Nuclear targeting of A. baumannii Tnp via NLS sequences

Tnp of A. baumannii ATCC 17978 (NCBI accession no. gi|126640304) was composed of 362 amino acids and was predicted to carry the putative NLSs, 225RKRKRK230 [31]. To determine whether A. baumannii Tnp targeted the nuclei of host cells, the full-length A. baumannii Tnp gene was cloned into pcDNA™6.2/N-EmGFP-DEST using the Gateway recombinational cloning system (Invitrogen) and the constructed plasmids were transfected into COS-7 cells. As a control, COS-7 cells were transfected with the destination vector pcDNA™6.2/N-EmGFP-DEST. The green fluorescent protein (GFP) composed of a molecular mass of 27 kDa, was observed in both the cytoplasm and the nucleus of COS-7 cells transfected with the destination vector. GFP behaves within the exclusion limit of NPC and passively diffuses into the nuclei of host cells, whereas GFP-tagged A. baumannii Tnp fusion proteins composed of a molecular mass of 66.8 kDa, are exclusively present in the nuclei (Fig. 1). To determine whether nuclear targeting of A. baumannii Tnp was dependent on NLSs, three mutant clones, Tnp1–37, Tnp1–224, and Tnp1–230, fused with GFP were constructed and their subcellular localization was determined by confocal laser microscopy. Two A. baumannii Tnp mutant clones without NLSs, Tnp1–37 and Tnp1–224, were present in the cytoplasm of host cells, whereas the mutant clone with NLSs, Tnp1–230, appeared in the nuclei (Fig. 1). These results suggest that A. baumannii Tnp targets the nuclei of host cells via functional NLSs.

Figure 1

A. baumannii transposase targets in the nucleus of host cells via NLSs.
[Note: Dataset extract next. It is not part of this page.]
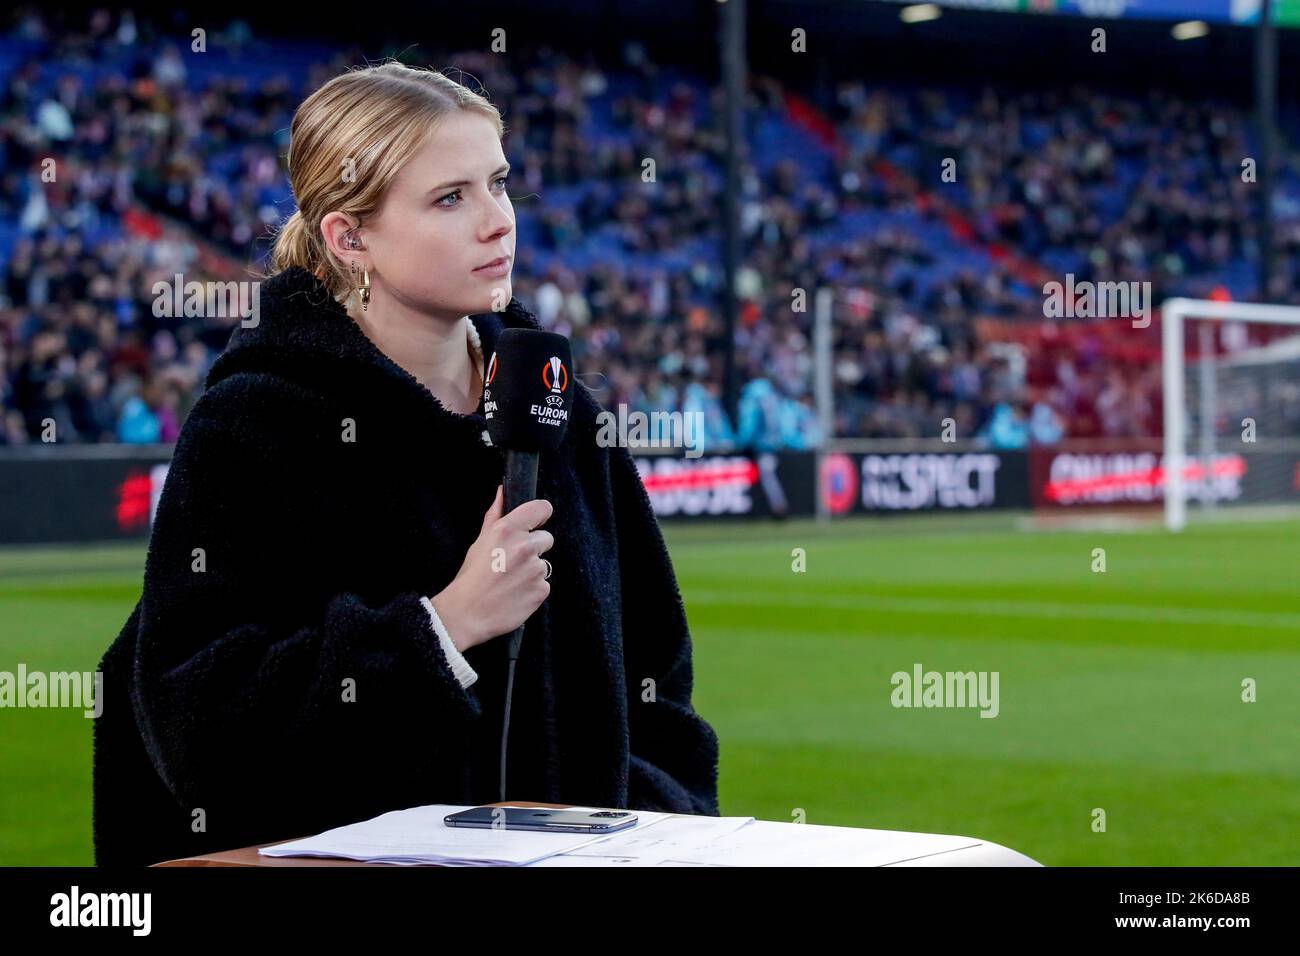 ROTTERDAM, NETHERLANDS - OCTOBER 13: Presentators Noa Vahle during the UEFA Europa League - Group F match between Feyenoord Rotterdam and FC Midtjylland at De Kuip on October 13, 2022 in Rotterdam, Netherlands (Photo by Broer van den Boom/Orange Pictures) Stock Photo

COS-7 cells were transfected with the plasmid constructs of transposase gene cloned in the destination vector pcDNATM6.2/N-EmGFP-DEST and incubated for 24 h. The subcellular localization of transposase proteins fused with GFP was observed by confocal laser microscopy. Two A. baumannii transposase proteins with NLSs, Tnp1–362 and Tnp1–230, were located in the nuclei of host cells, whereas transposase proteins without NLSs, Tnp1–37 and Tnp1–224, were located in the cytoplasm.

Delivery of A. baumannii Tnp to host cells via outer membrane vesicles (OMVs)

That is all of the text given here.